The amounts of NaNO₂ and CH₃COONa in the bottle for each cycle were determined using Equation (4) [12,21].

$$m=\frac{v_{\mathrm{A},\mathrm{c}}tSV}{100}$$

(4)

where m—the amount of a specific substrate that causes c to become available in the bottle for each cycle (g); V—the volume of reaction liquid (L); and S—the amount of a specific substrate as a basic value for calculations (g), which can provide the concentration of c (100 mg/L) in 1 L of reaction liquid that causes c to become available.

The nitrate concentrations during the whole anoxic reaction period were too low to be ignored in this study. Thus, the COD/N ratio of the reaction in the cycle was calculated with Equation (5) [22]:

$$\gamma =\frac{v_{\mathrm{COD}}}{v_{\mathrm{N}{\mathrm{O}}_2^{-}}}$$

(5)

where γ—the COD/N ratio of reaction for each cycle.

2.6. High-Throughput 16S rRNA Gene Sequencing

Sludge samples were collected for DNA extraction, and the extracted DNA was used for PCR amplification of the 16S rRNA gene (V3–V4 region) after the DNA integrity was verified by agarose gel electrophoresis.
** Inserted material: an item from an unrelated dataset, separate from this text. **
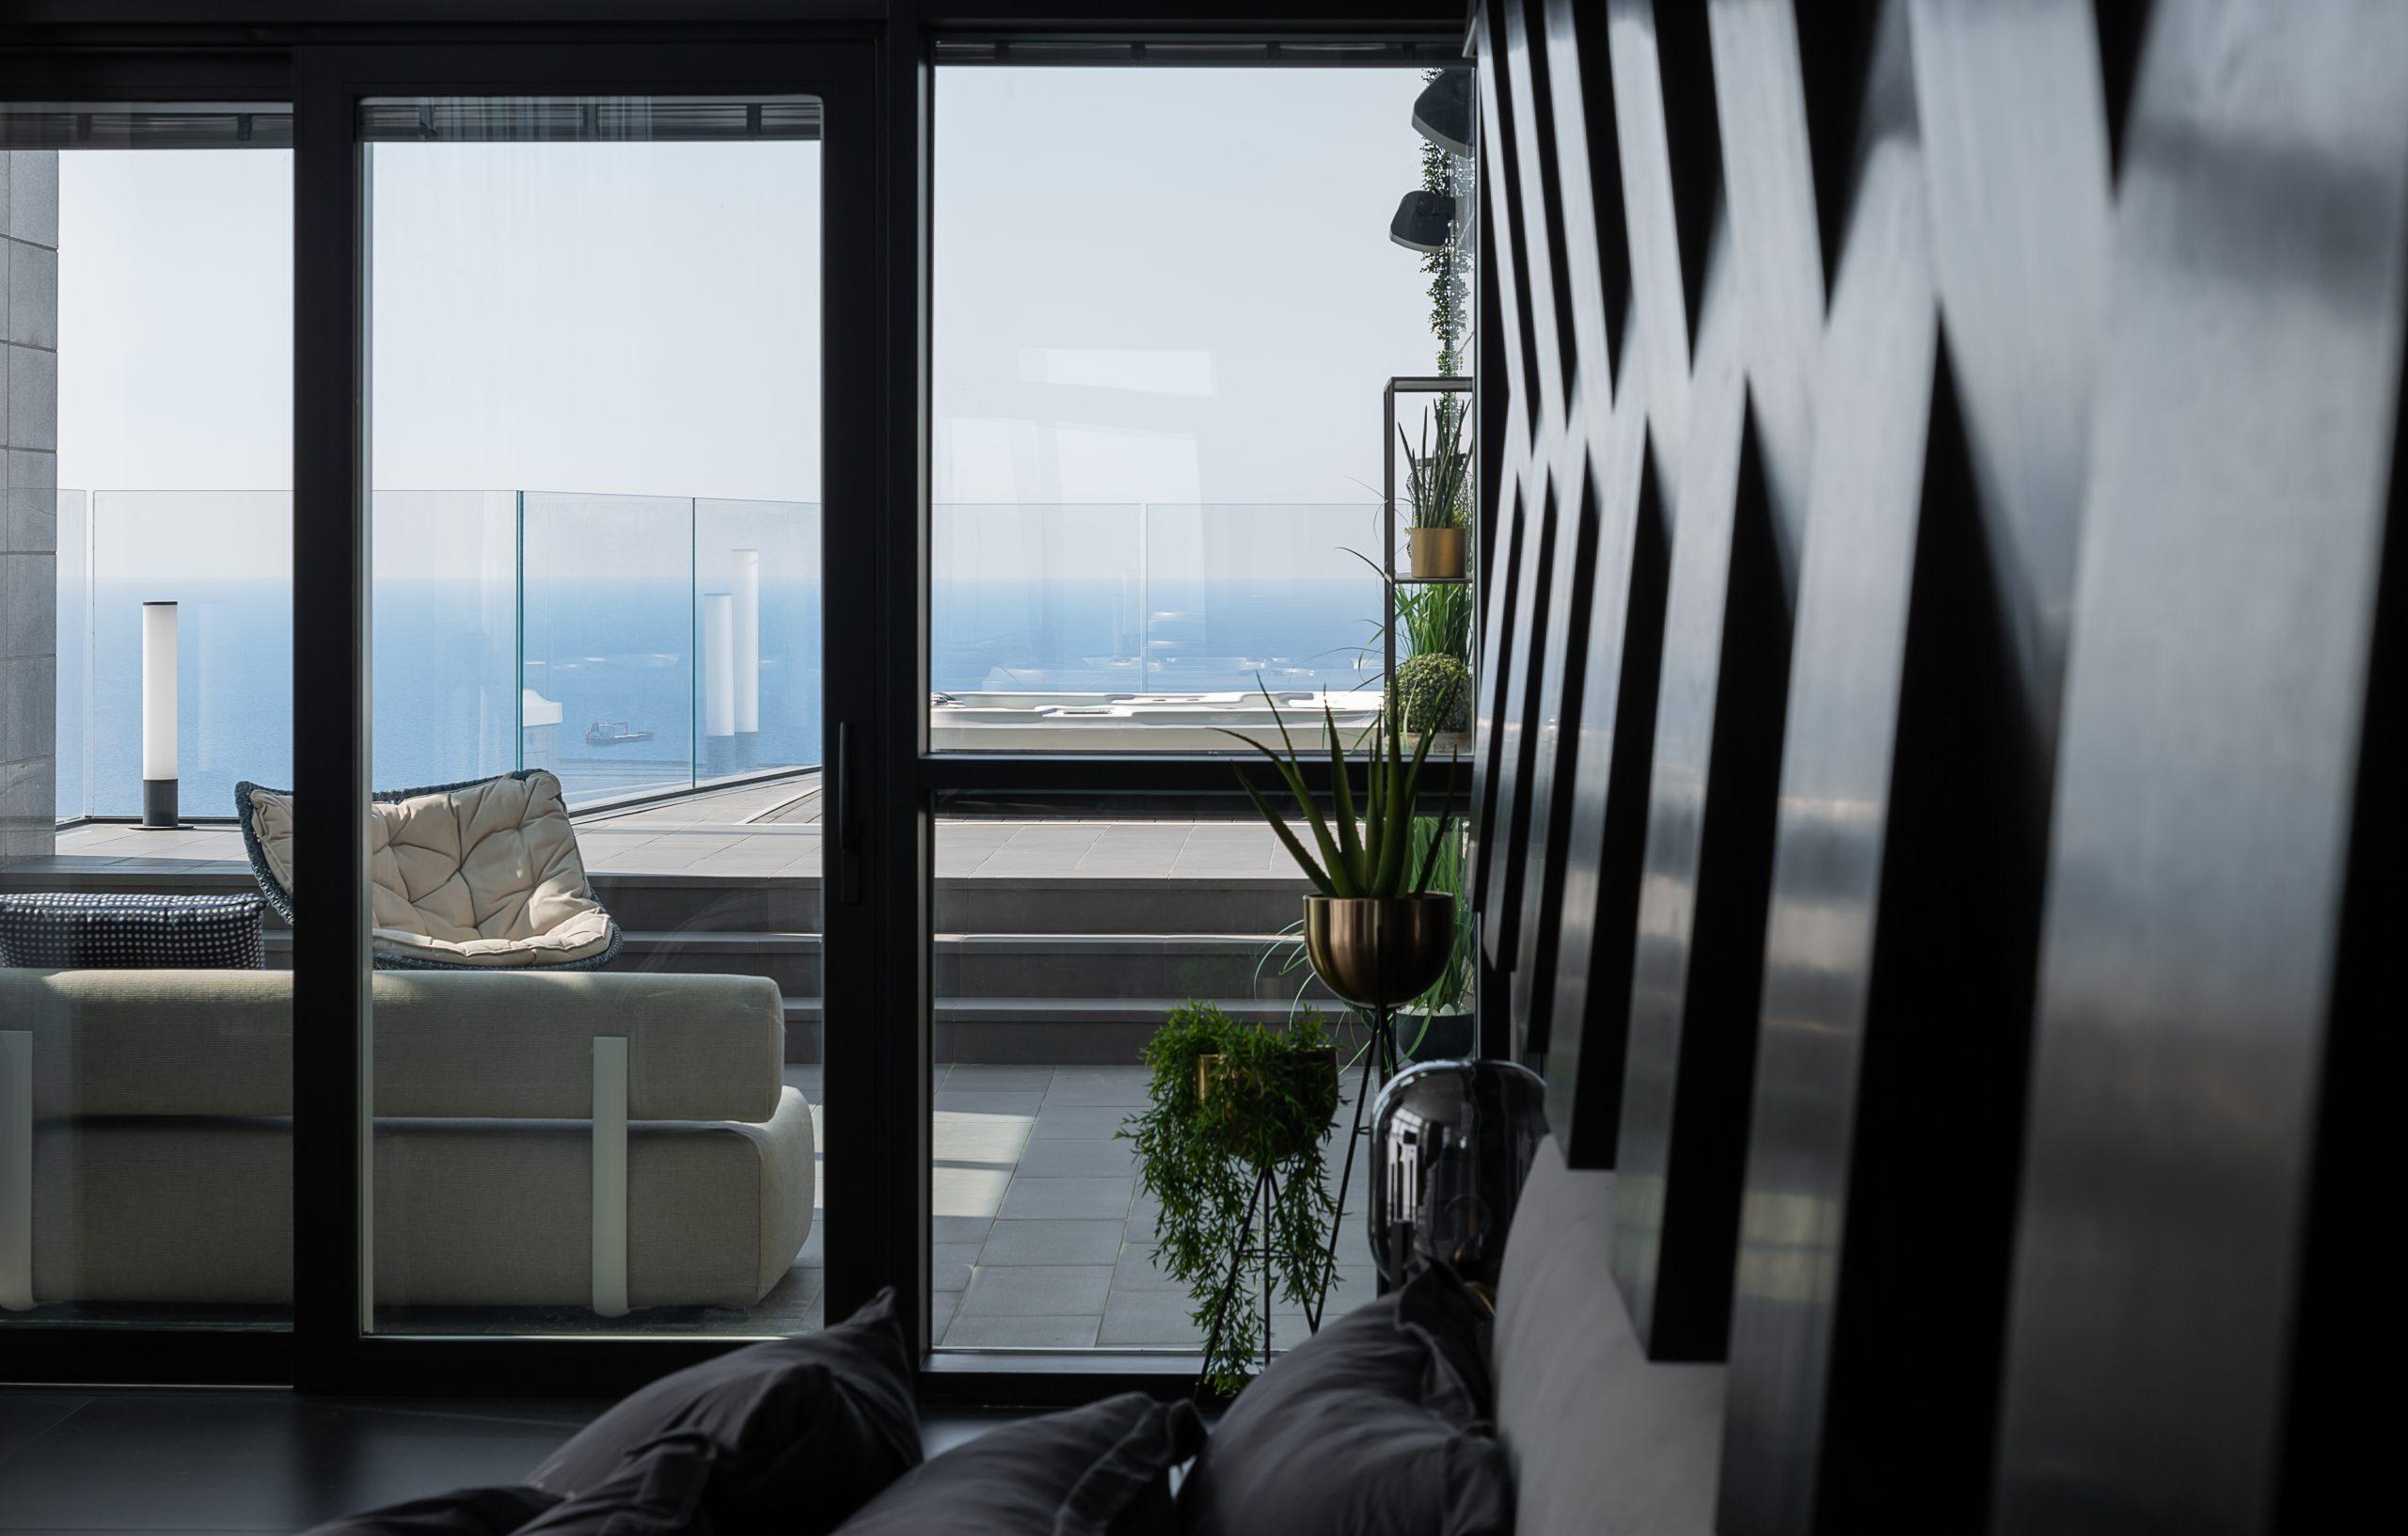 עיצוב שחור מודרני מבית סיטי לייט תאורה

Upon verification, the DNA bands were excised for further purification after the PCR products were also examined via electrophoresis, and an Illumina MISEQ03 sequencer was used for high-throughput sequencing carried out by Sangon Biotech Corp., Shanghai, China. The Illumina sequencing raw data were deposited in the National Center for Biotechnology Information (NCBI) Sequence Read Archive database, accession: SRR10344630, SRR10344629 and SRR10344628 [23], (BioProject ID: PRJNA563541; BioSample accessions: SAMN12687762, SAMN12687763, SAMN12687764). High-quality reads were clustered into operational taxonomic units (OTUs) with a similarity value of 97%. The results were used to describe the similarities and differences between microbial communities and clearly indicate the proportion of main species at different levels.

3. Results

3.1. Nitrite Denitrification Rate and COD/N Ratio

The color of the sludge changed from brown to black, which is the characteristic color of anaerobic sludge, after settling for approximately three days after being collected from the WWTP. The initial denitrification rate and COD/N ratio of the seed sludge were determined via batch operation. The initial concentrations of NO₂⁻–N, NO₃⁻–N, and COD were 20.14 mg/L, 4.45 mg/L, and 114.35 mg/L, respectively. However, for optimal denitrification, the initial concentration of NO₃⁻–N should be close to 0 mg/L. After reacting for 1 h, the residual concentrations of NO₂⁻–N, NO₃⁻–N, and COD were 10.35 mg/L, 0.93 mg/L, and 9.35 mg/L, respectively. Therefore, the calculated initial denitrification rate was 13.31 mg/(L h). Thus, the initial COD/N ratio of the reaction was 7.9. Then, the reactor was operated with continuous nitrite and acetate feeding, and the 8-h cycle, designated as Cycle 1, was performed with the determined 15 mg/(L h) level of the nitrite feed stream added into the reaction liquid.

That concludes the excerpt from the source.